The thirtieth government of Israel was formed by Ariel Sharon on 28 February 2003, following Likud's comprehensive victory in the January elections. His coalition initially included Shinui and the National Union, holding 60 of the 120 seats in the Knesset, whilst the two-seat Yisrael BaAliyah merged into Likud shortly after. The National Religious Party also joined the coalition on 3 March 2003, taking the number of seats it held up to 66.

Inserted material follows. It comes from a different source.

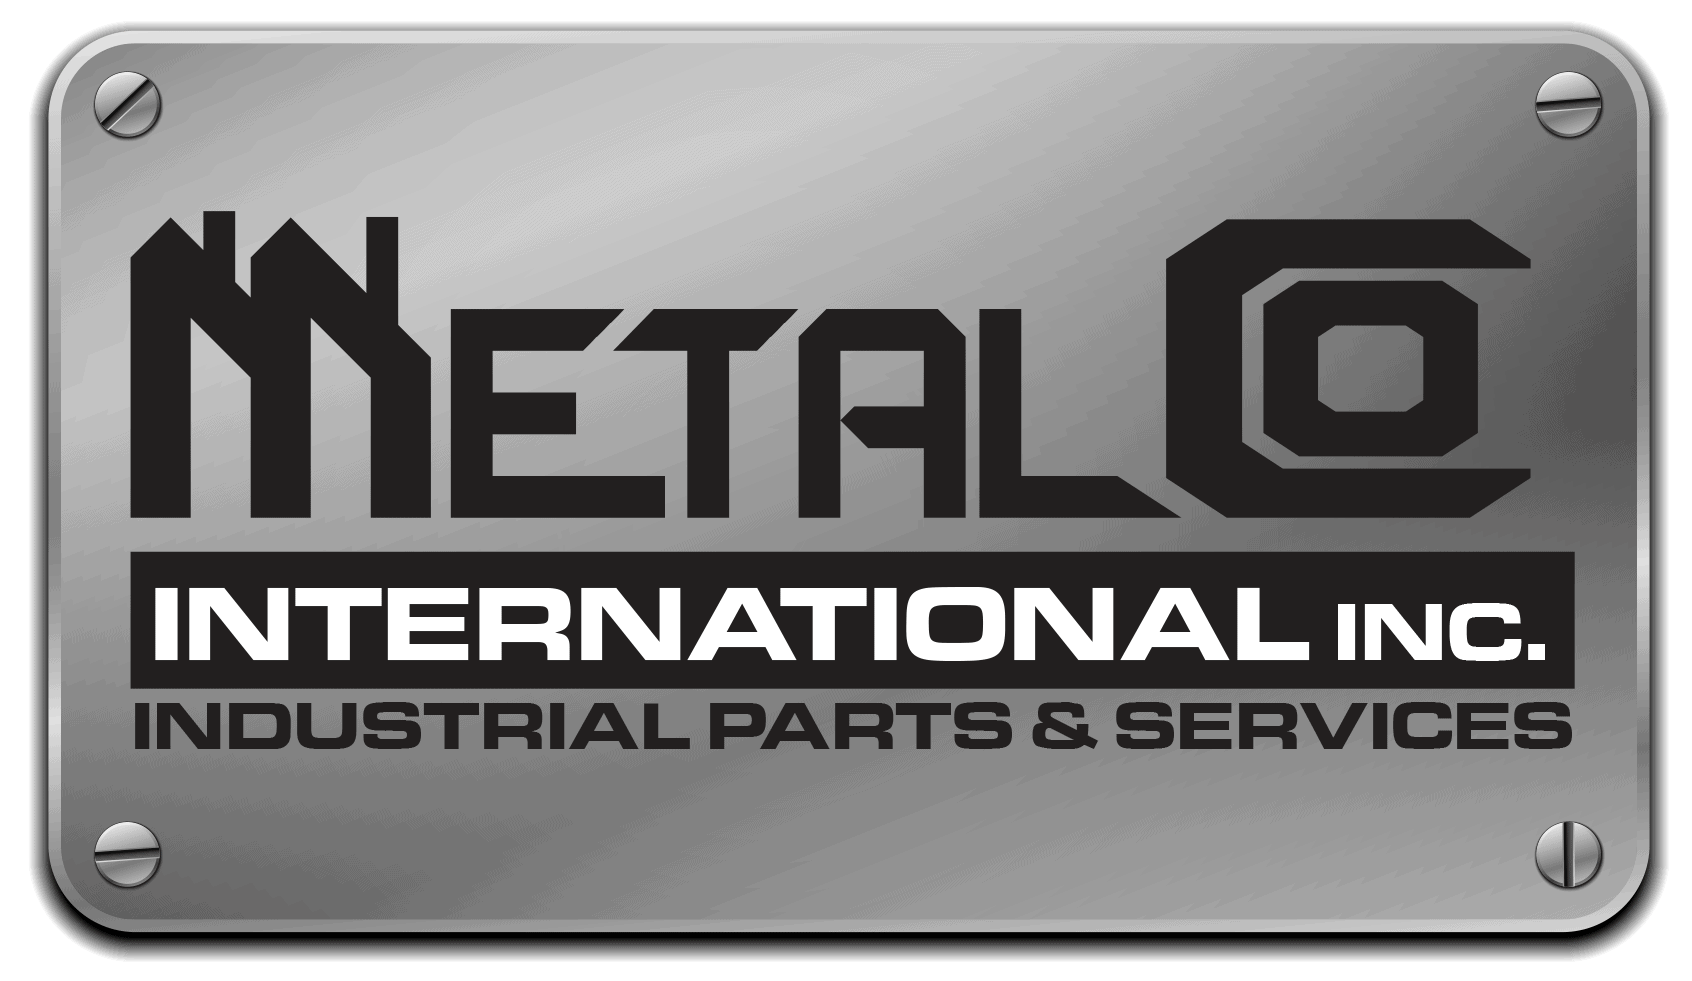 MetalCo International Inc.

The government became increasingly unstable due to the Gaza disengagement plan, with the National Union leaving the coalition on 6 June 2004, and the National Religious Party following on 11 November. On 4 December Shinui also left the government following disagreements over the budget. On 10 January 2005, Labor-Meimad joined the government, and was joined by Agudat Yisrael on 30 March.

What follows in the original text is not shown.